Tuning SMP Performance with CS Spin Counts
CRITICAL_SECTION locking (enter) and unlocking (leave) are efficient because CS testing is performed in user space without making the kernel system call required by a mutex. Unlocking is performed entirely in user space, whereas ReleaseMutex requires a system call. CSs operate as follows.
- A thread executing EnterCriticalSection (ECS) tests the CS's lock bit. If the bit is off (unlocked), then ECS sets it atomically as part of the test and proceeds without ever waiting. Thus, locking an unlocked CS is extremely efficient, normally taking just one or two machine instructions. The owning thread identity is maintained in the CS data structure, as is a recursion count.
- If the CS is locked, ECS enters a tight loop on an SMP system, repetitively testing the lock bit without yielding the processor (of course, the thread could be preempted). The CS spin count determines the number of times ECS repeats the loop before giving up. A single-processor system gives up immediately; spin counts are useful only on an SMP system.
- Once ECS gives up testing the lock bit (immediately on a single-processor system), ECS enters the kernel and the thread goes into a wait state, using a semaphore wait. Hence, CS locking is efficient only when contention is low or when the spin count gives another processor time to unlock the CS.
- LeaveCriticalSection is implemented by turning off the lock bit, after checking that the thread actually owns the CS. The kernel must also be notified if there are any waiting threads, using ReleaseSemaphore.
Consequently, CSs are efficient on single-processor systems if the CS is likely to be unlocked, as shown by the CS version of Program 9-1. The SMP advantage comes from the fact that the CS can be unlocked by a thread running on a different processor while the waiting thread spins.The next steps are to show how to set spin counts and how to tune an application by determining the best spin count value. Again, spin counts are useful only on SMP systems; they are ignored on single-processor systems.
Setting the Spin Count
CS spin counts can be set at CS initialization or dynamically. In the first case, replace InitializeCriticalSection with InitializeCriticalSectionAndSpinCount, where a count parameter is added. There is no way to read a CS's spin count, however.

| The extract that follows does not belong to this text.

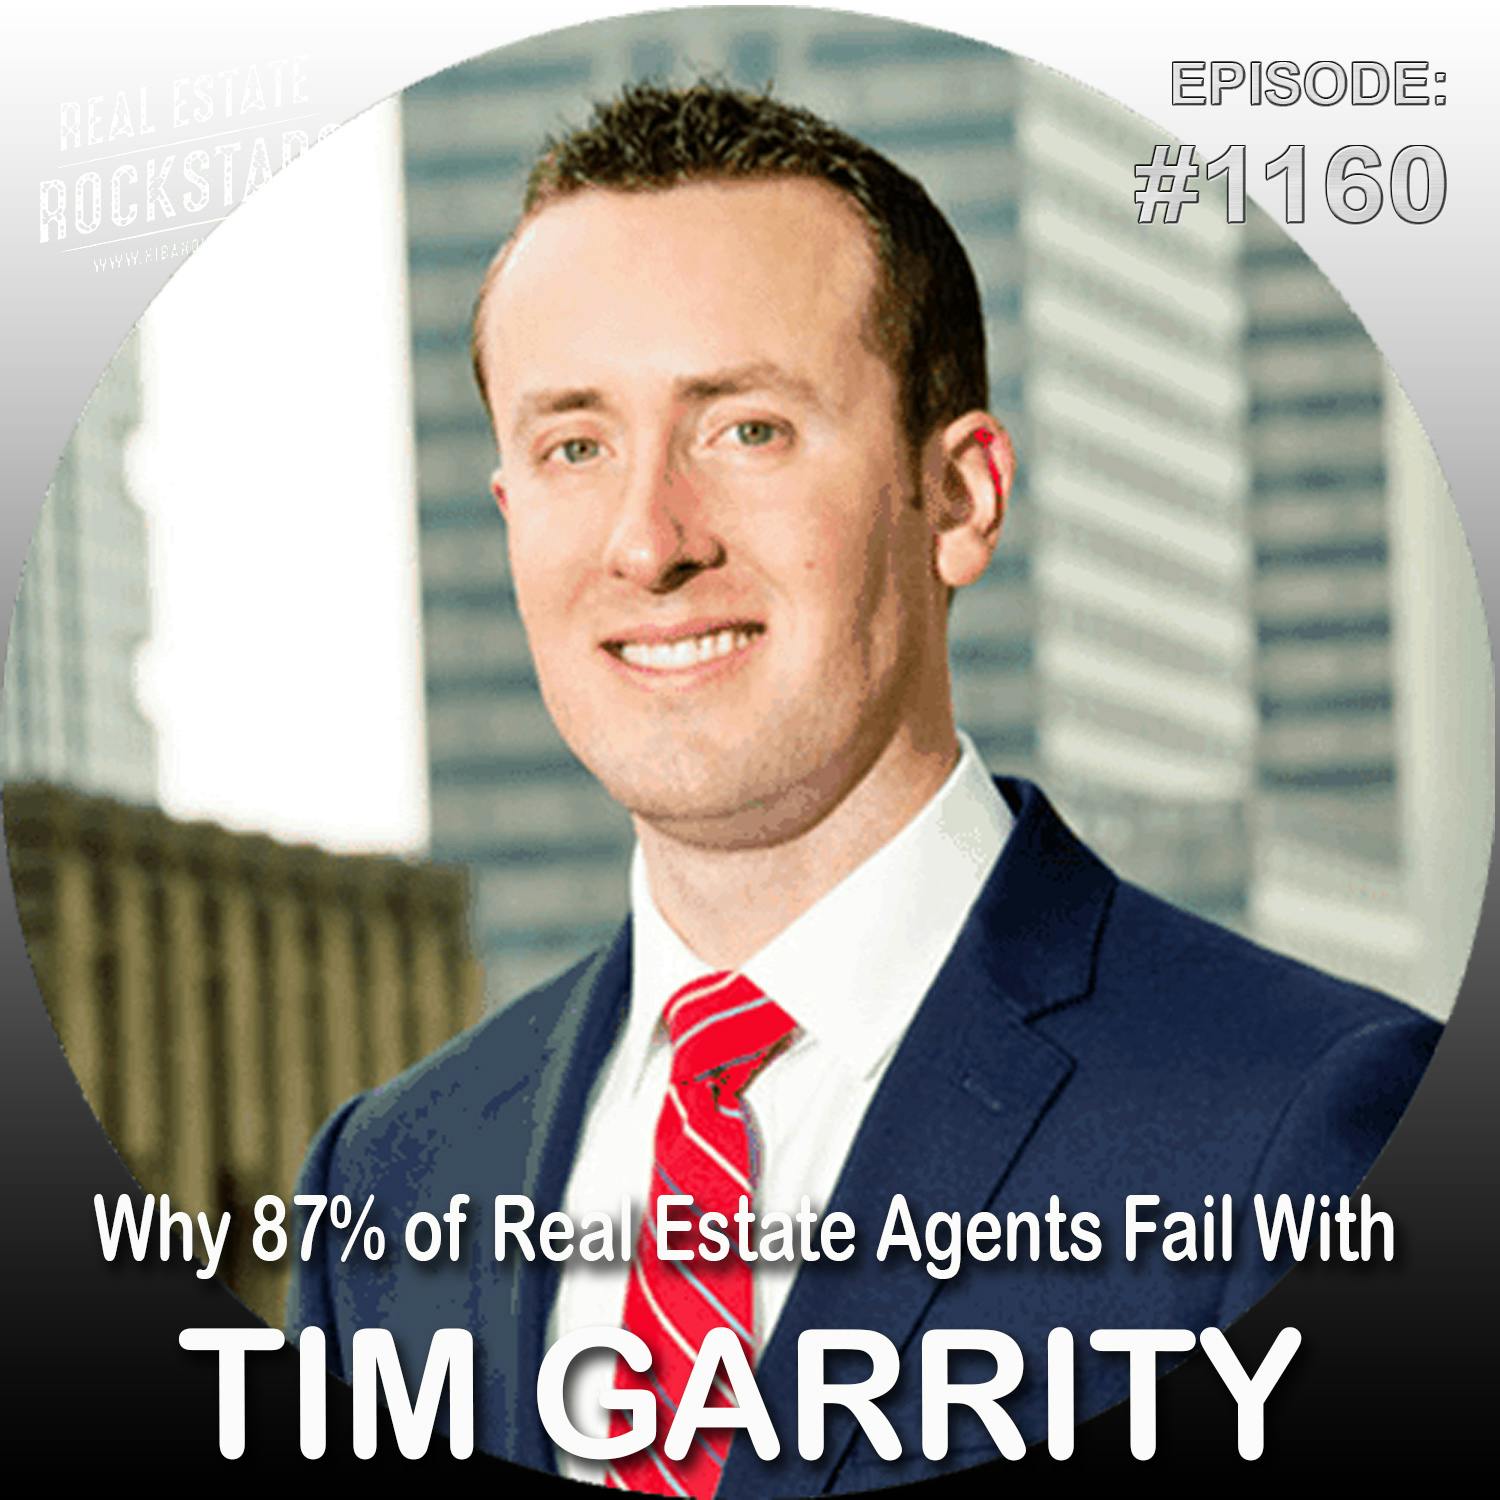 1160: Why 87% of Real Estate Agents Fail With Tim Garrity

VOID InitializeCriticalSectionAndSpinCount (
LPCRITICAL_SECTION lpCriticalSection,
DWORD dwCount)
You can change a spin count at any time.
VOID SetCriticalSectionSpinCount (
LPCRITICAL_SECTION lpCriticalSection,
DWORD dwCount)
The Microsoft documentation mentions that 4,000 is a good spin count for heap management. The best value is, however, application specific, so spin counts should be adjusted with the application running in a realistic SMP environment. The best values will vary according to the number of processors, the nature of the application, and so on.TimedMutualExclusionSC is on the book's Web site. It is a variation of the familiar TimedMutualExclusion program, and it includes a spin count argument on the command line. You can run it on your host processor to find a good value for this particular test program on your SMP systems, as suggested in Exercise 92.